• [Brief] For this exercise, restate every line below word for word and drop the images.

• [Collected material]
________
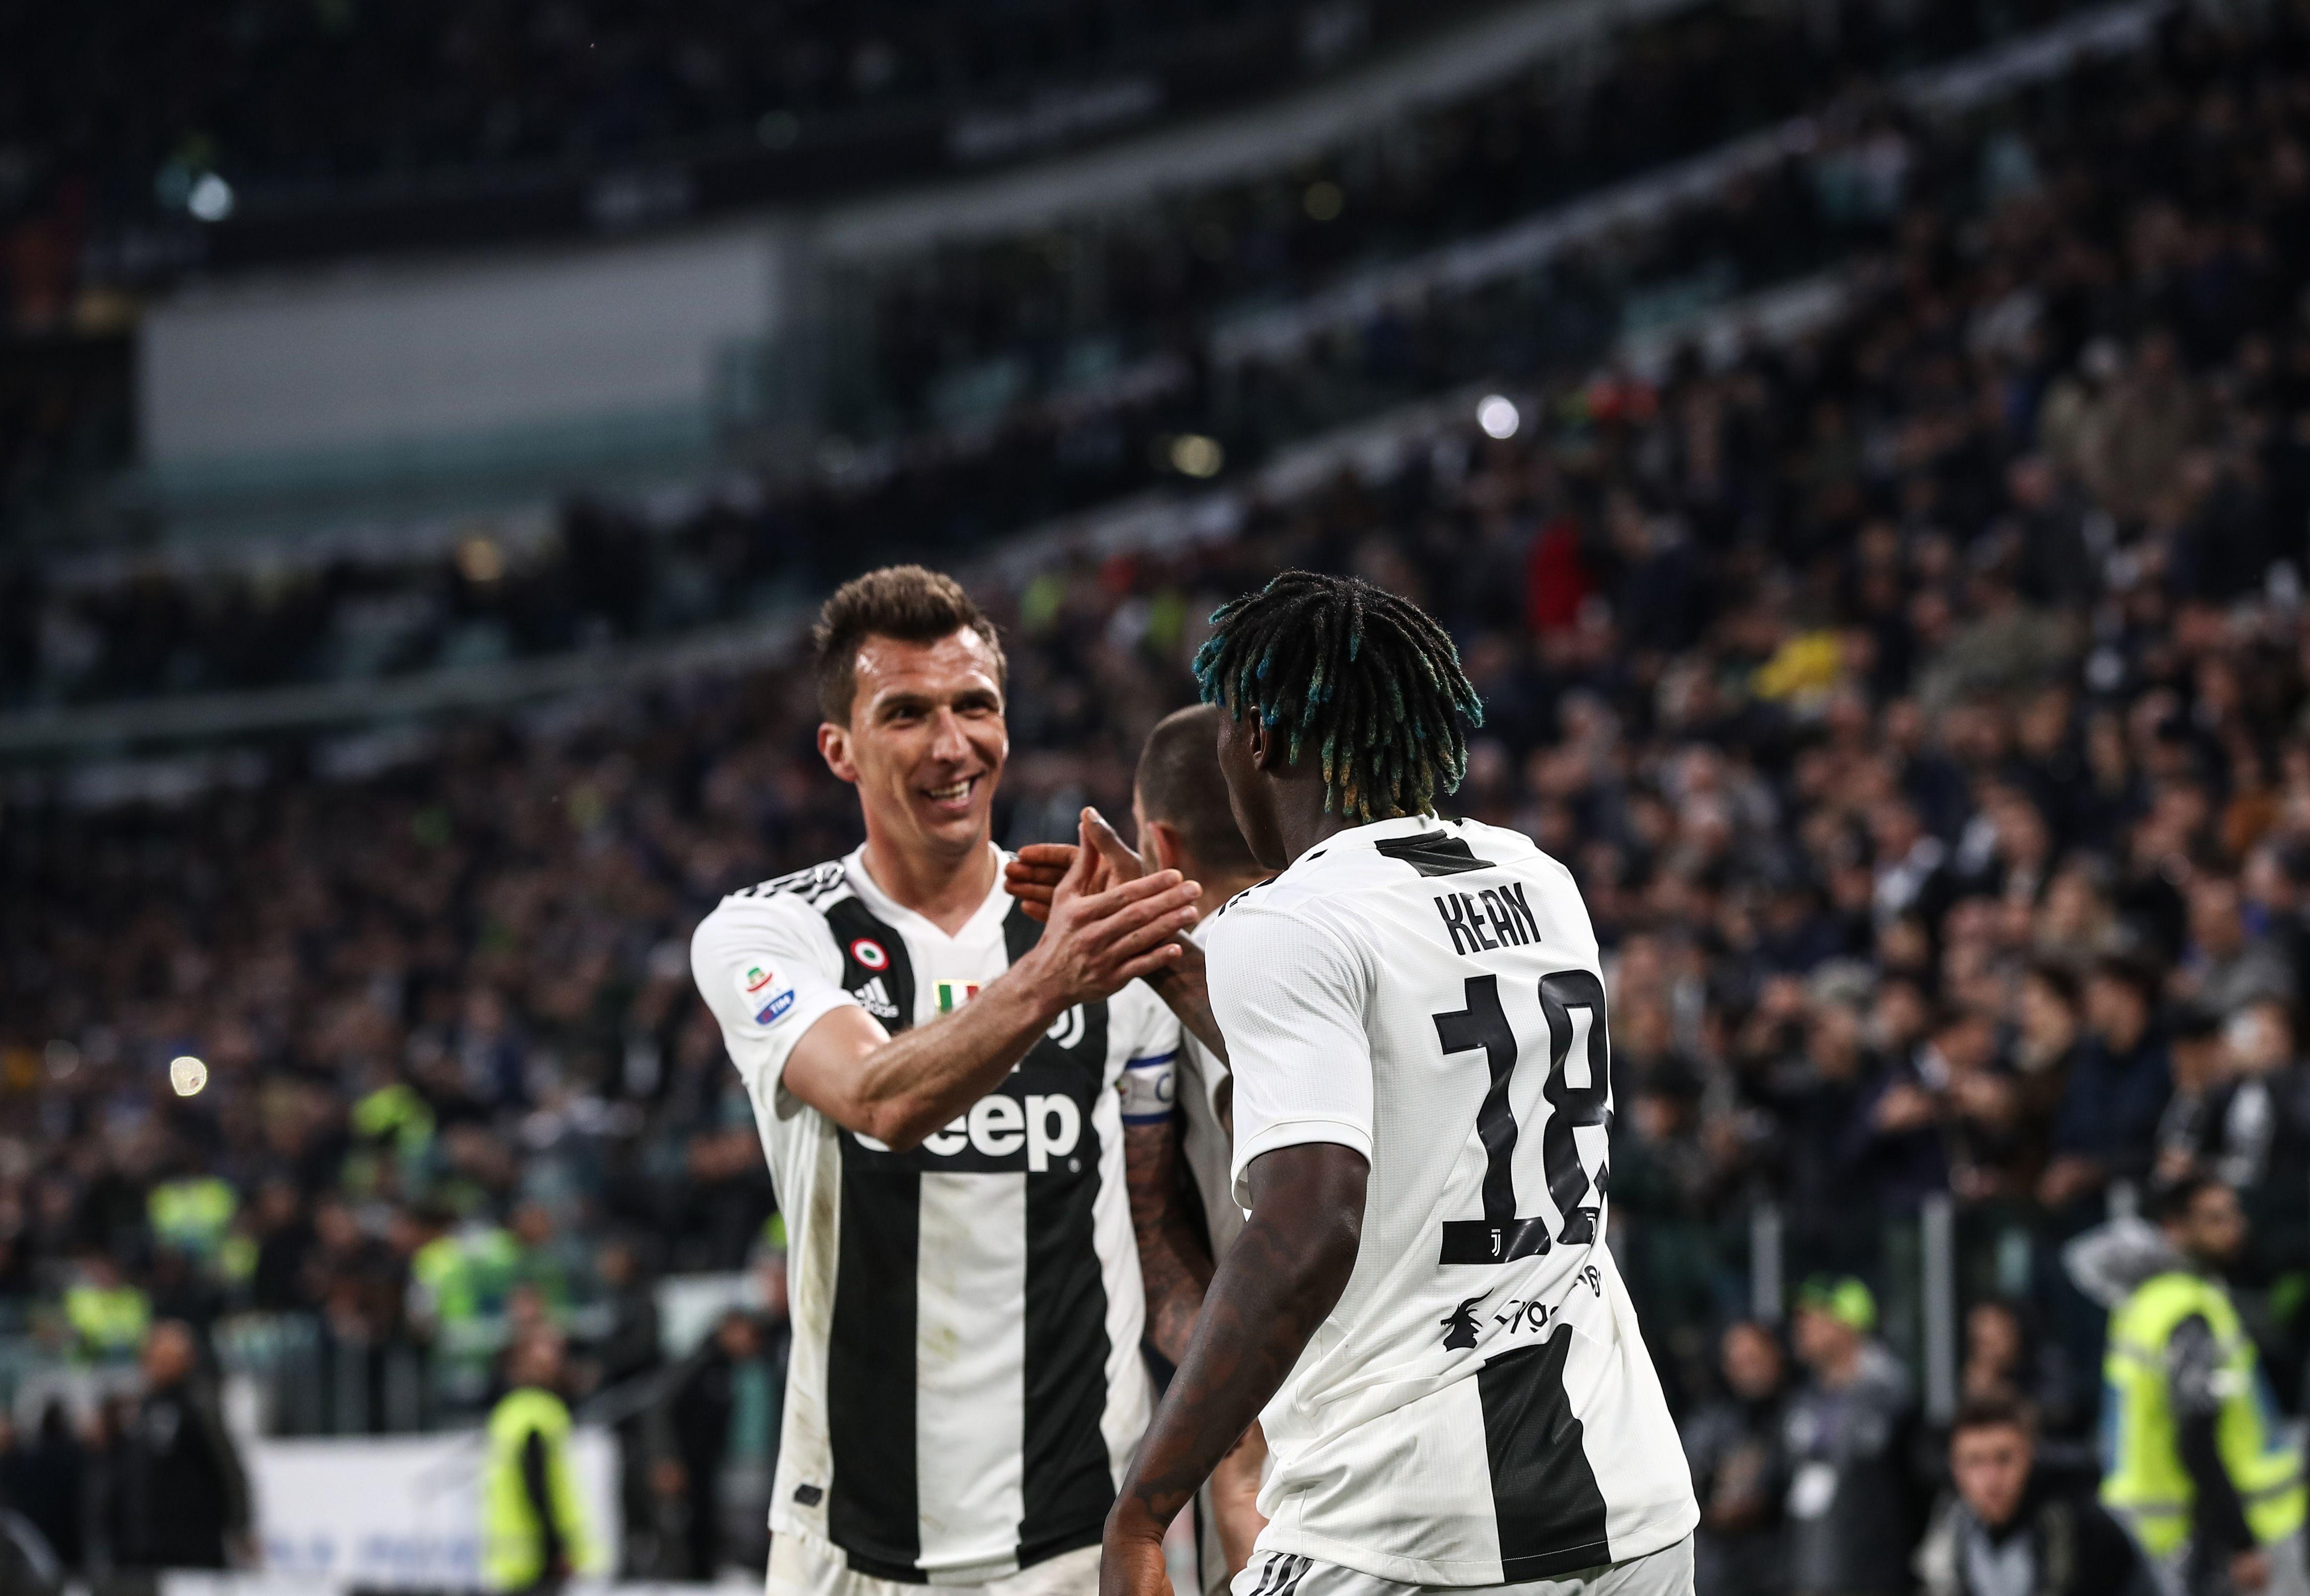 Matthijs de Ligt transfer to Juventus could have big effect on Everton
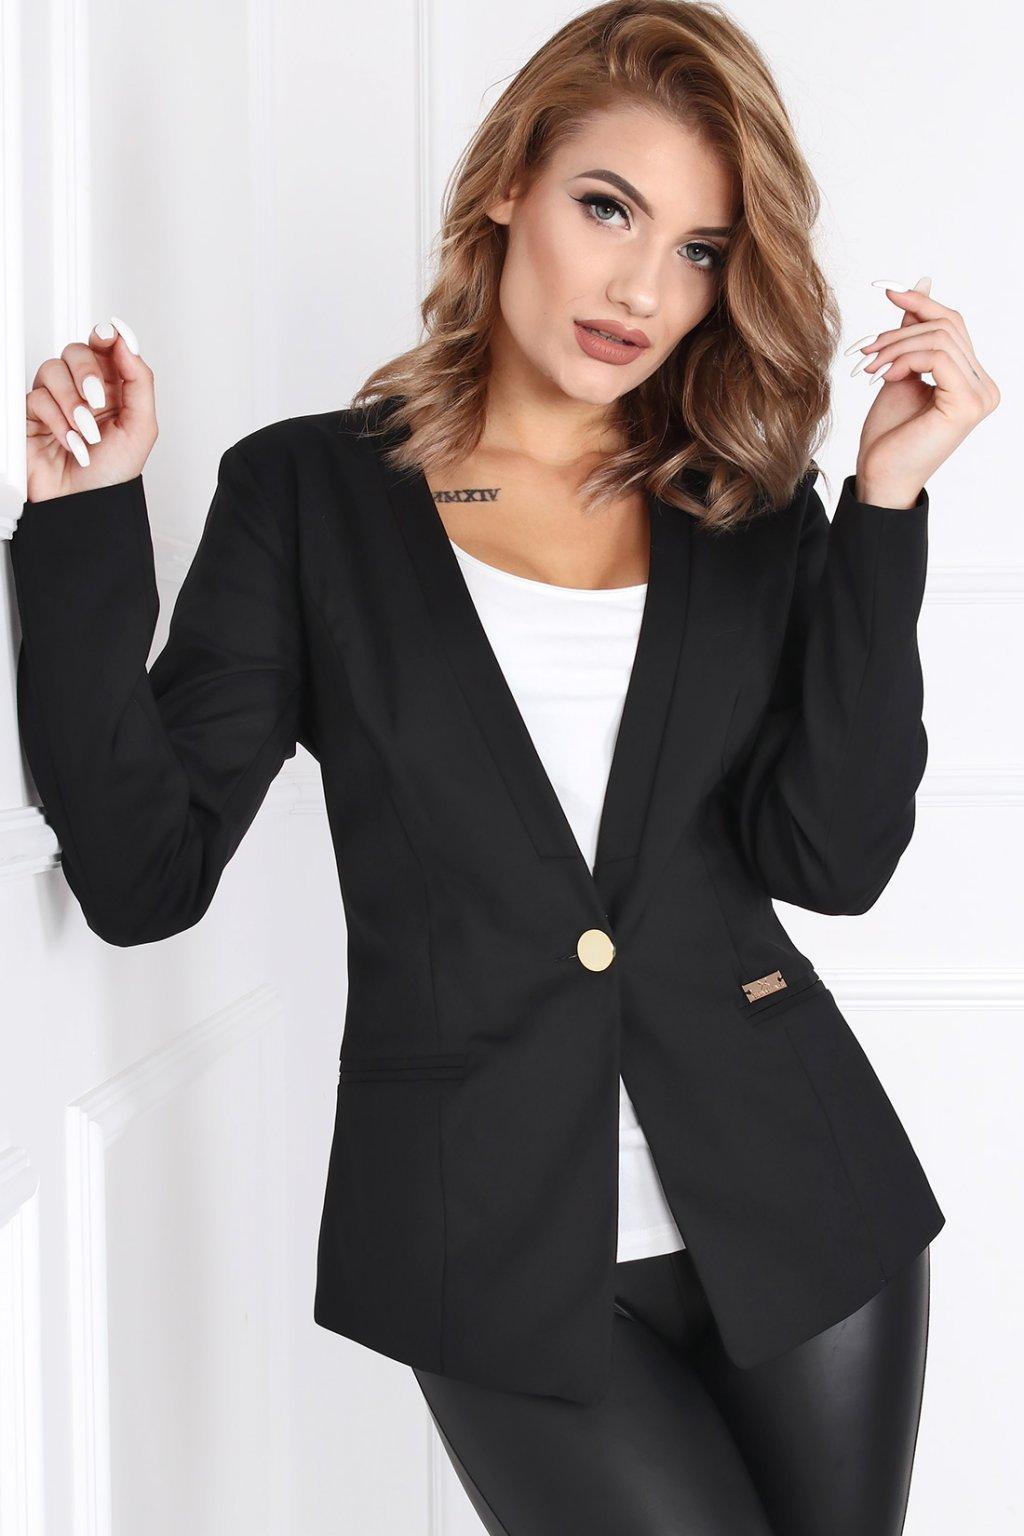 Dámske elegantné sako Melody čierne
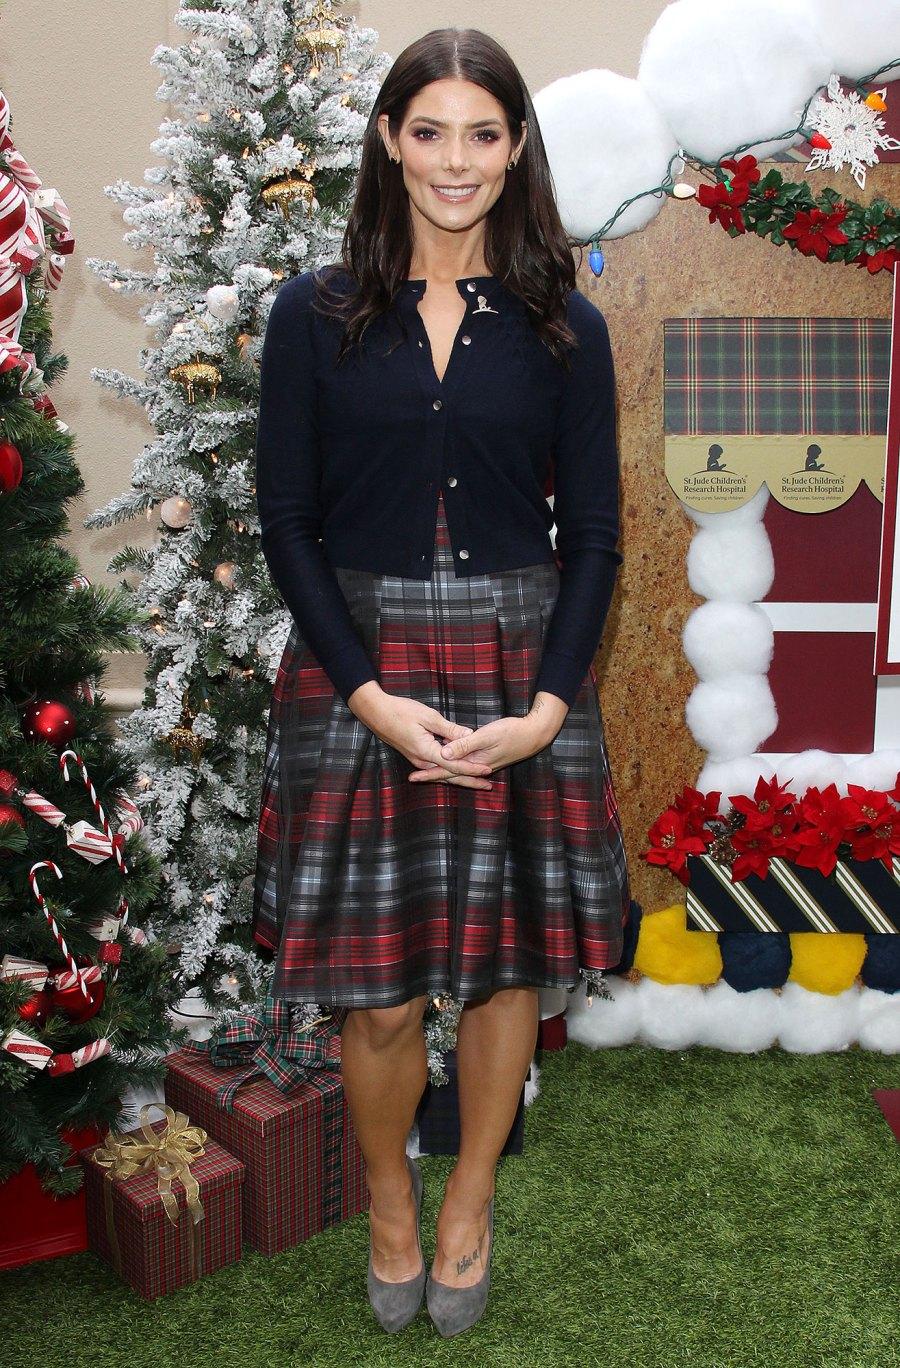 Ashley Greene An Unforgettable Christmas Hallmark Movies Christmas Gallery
________
• [Exercise output]
 Matthijs de Ligt transfer to Juventus could have big effect on Everton
 Dámske elegantné sako Melody čierne
 Ashley Greene An Unforgettable Christmas Hallmark Movies Christmas Gallery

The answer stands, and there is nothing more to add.